* [Supplied material]
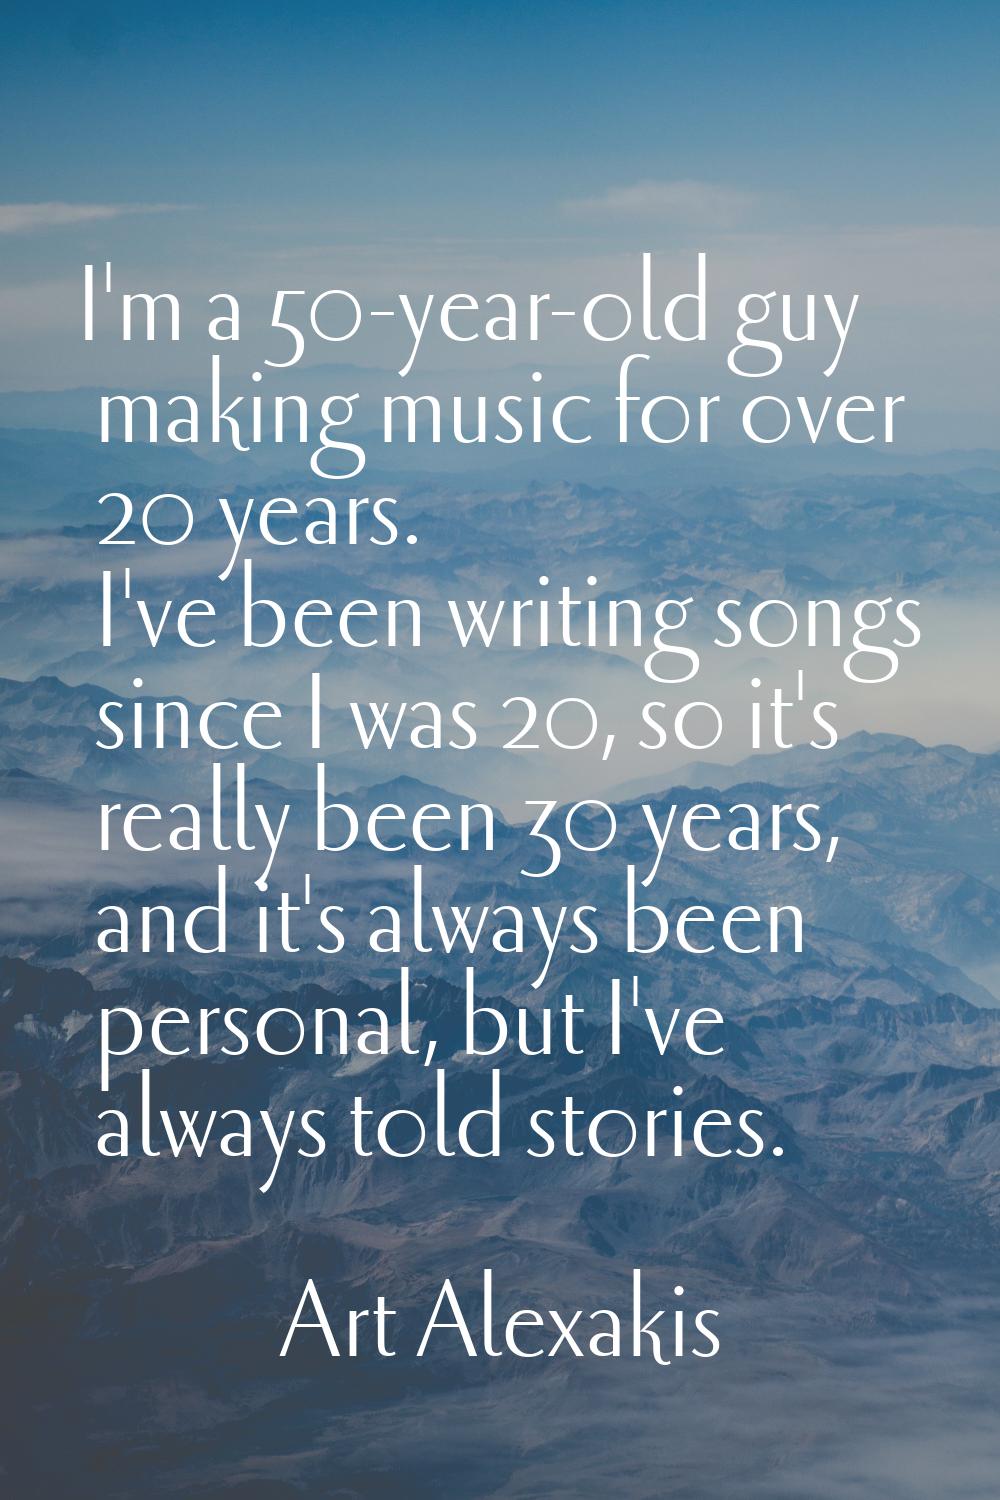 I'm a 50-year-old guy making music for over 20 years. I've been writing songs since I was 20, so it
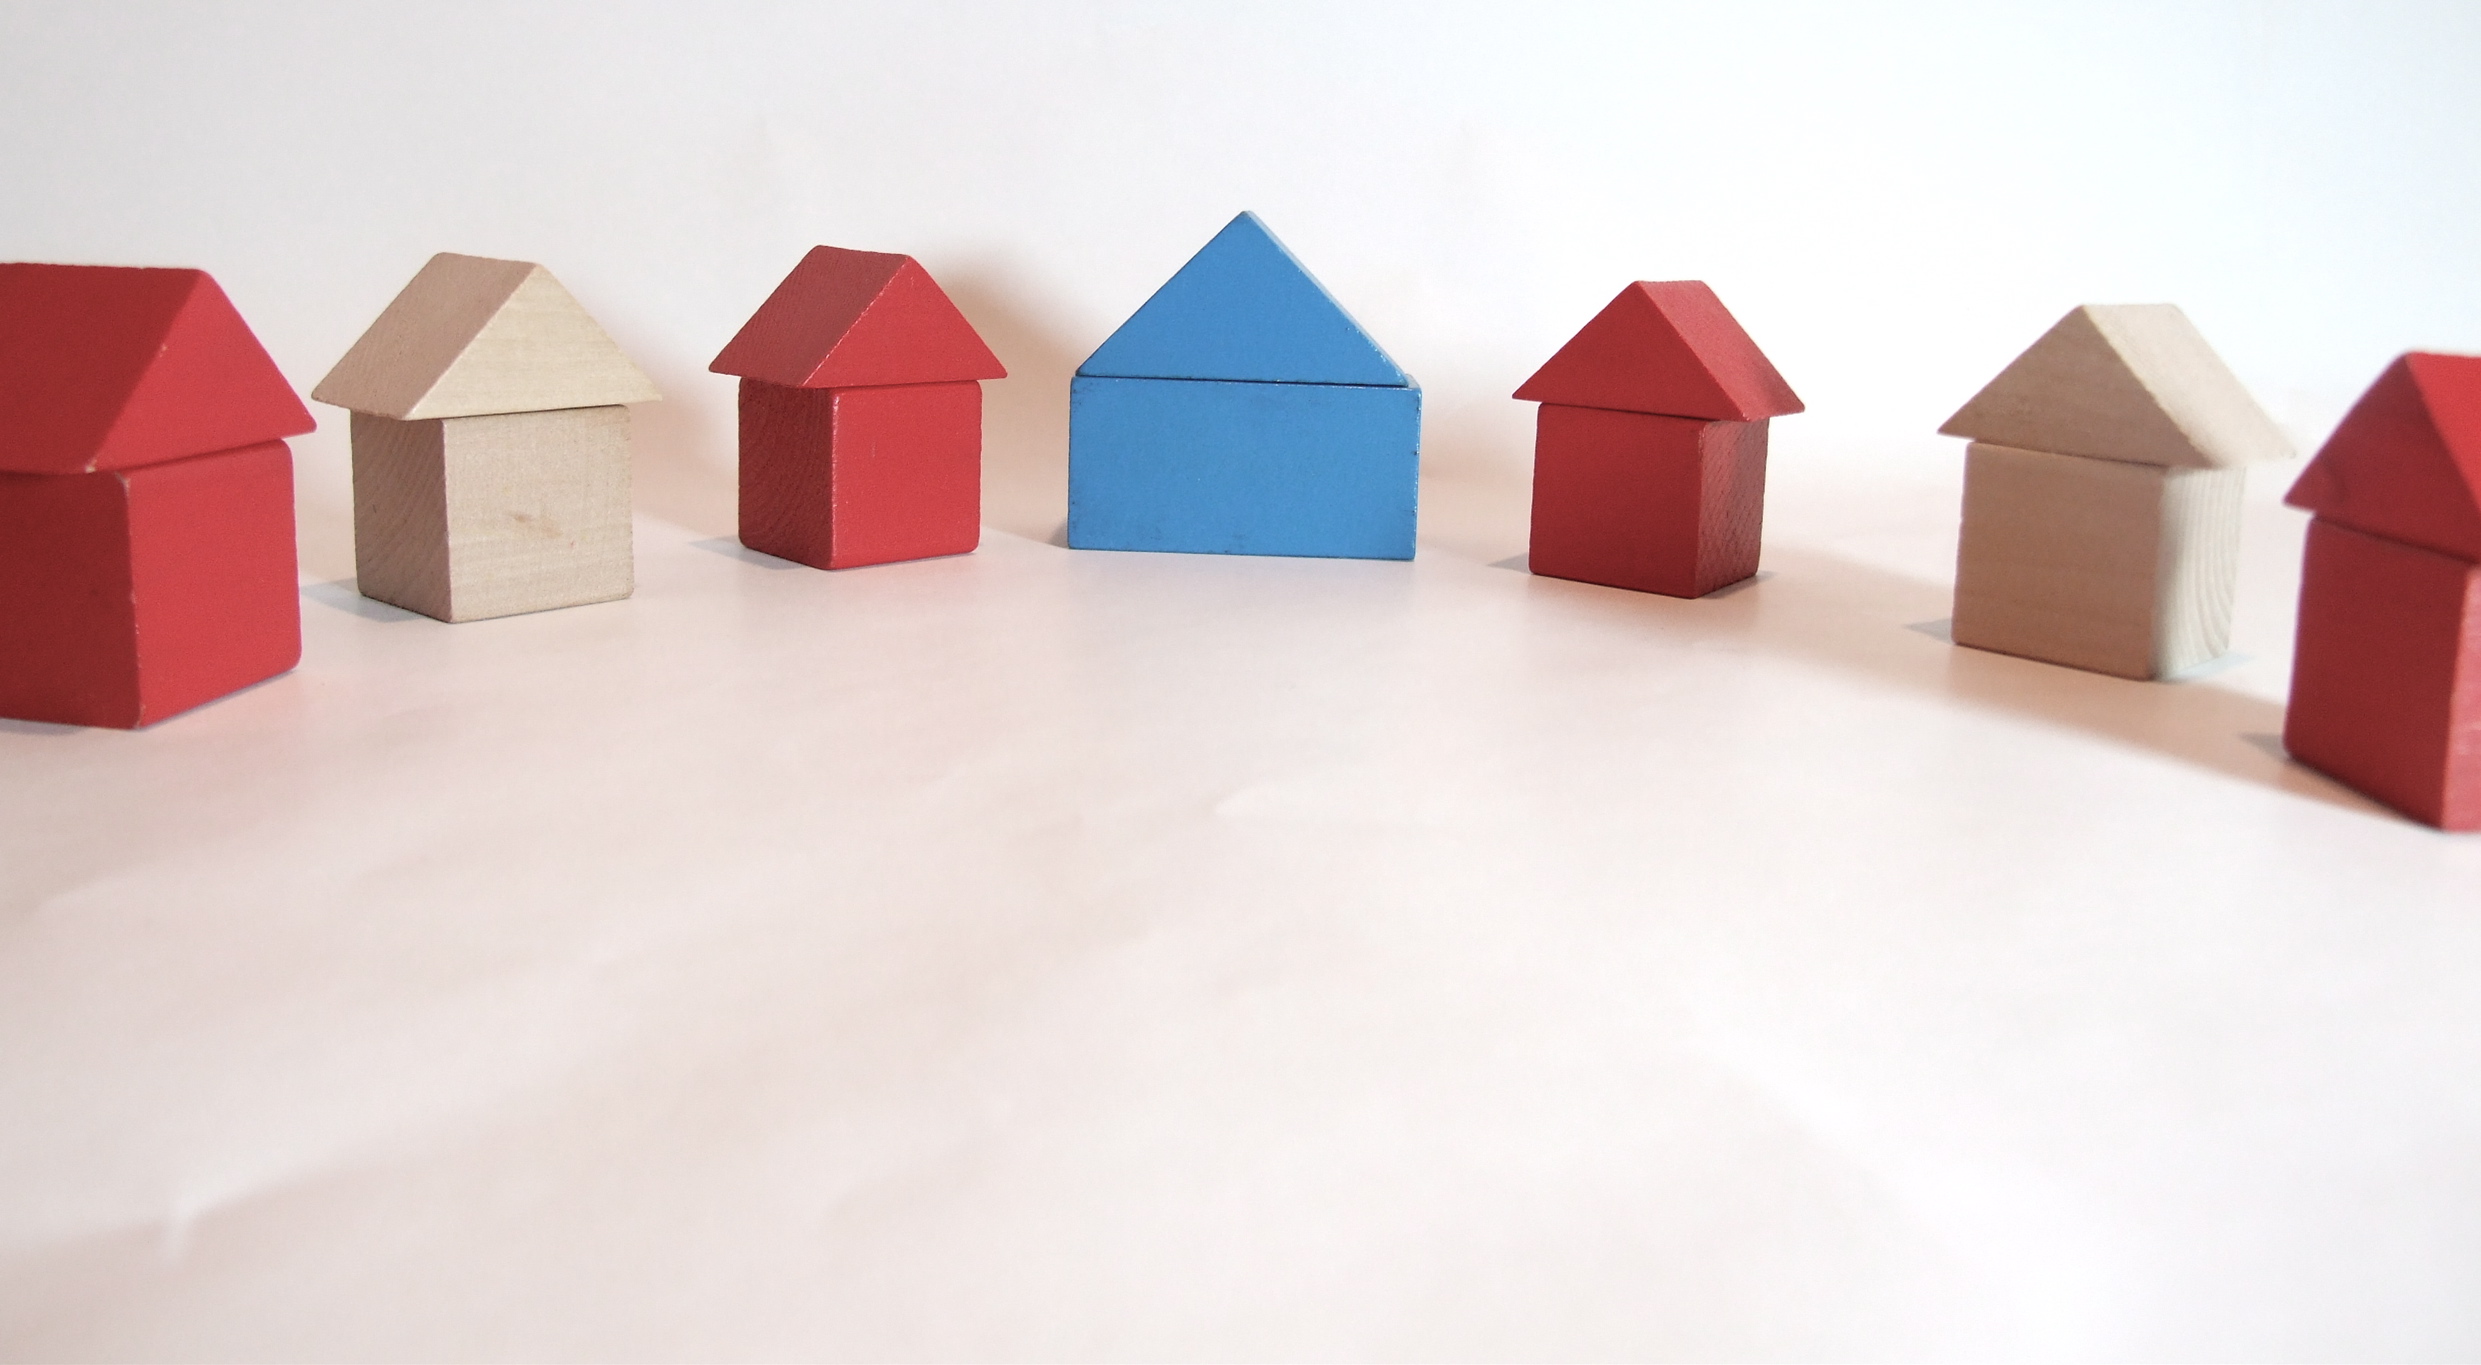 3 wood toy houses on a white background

...

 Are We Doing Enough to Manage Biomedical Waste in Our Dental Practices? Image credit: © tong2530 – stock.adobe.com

* [Required action] Transcribe, exactly and without pictures, everything in the data from the line with "I'm a 50-year-old" down to the line with "3 wood toy houses on a white background", both included.

* [Exercise solution]
 I'm a 50-year-old guy making music for over 20 years. I've been writing songs since I was 20, so it
 3 wood toy houses on a white background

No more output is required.